Some excerpts from Hodge’s “Speaker’s Lecture” are worth quoting at length …

“… I have been truly shocked by the extent of the waste we have encountered. This is not a party political point. It’s not that this Conservative- Lib-Dem Coalition is worse or better than the previous Labour Government.

“It’s not that the private sector is more efficient than the public sector.

“It’s not about questioning the dedication of hundreds of thousands of public sector workers wanting to do their best… for me personally, sitting on the left of the political spectrum, I passionately believe in the power of public spending and public services to transform and equalise life chances.
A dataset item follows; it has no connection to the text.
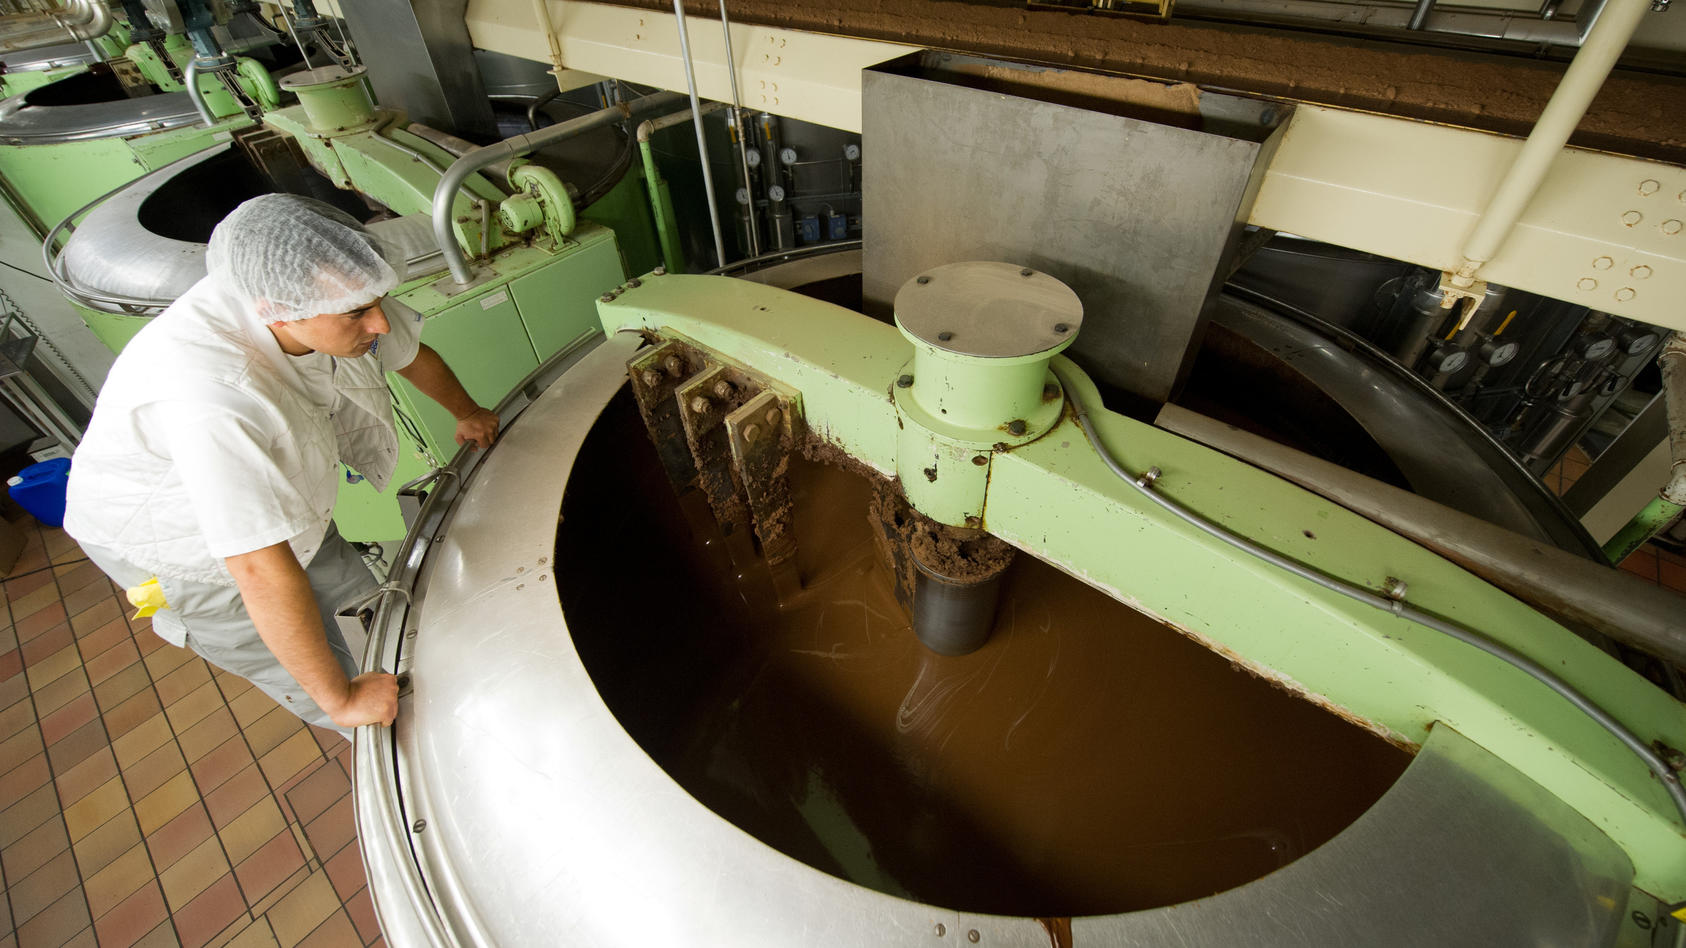 Ein Mitarbeiter des Schokoladenherstellers Ritter (Ritter Sport ) kontrolliert am Dienstag (26.06.2012) in der Produktion des Schokoladeherstellers Ritter (Ritter Sport ) in der Firmenzentrale in Waldenbuch (Landkreis Böblingen) Schokoladen-Rohmasse.

“Yet if I am to ask other people to give up their money so that we can use it to secure greater equality, then I must earn their trust that I will use that money well.

“From £700m which I believe is likely to be written off with the botched attempt to introduce a politically uncontroversial benefit change with Universal Credit, to £1.6bn extra cost incurred by the previous Government in signing the contract for the Aircraft Carriers without any money in the Defence budget and then delaying its implementation; from the failure of successive Governments to tackle the many billions lost through fraud and error or IT investment, to the inability of successive Governments to deport foreign nationals who have committed crimes and ended up in our prisons, the failures are too many, they occur too often and they occur with persistent and unbroken regularity.”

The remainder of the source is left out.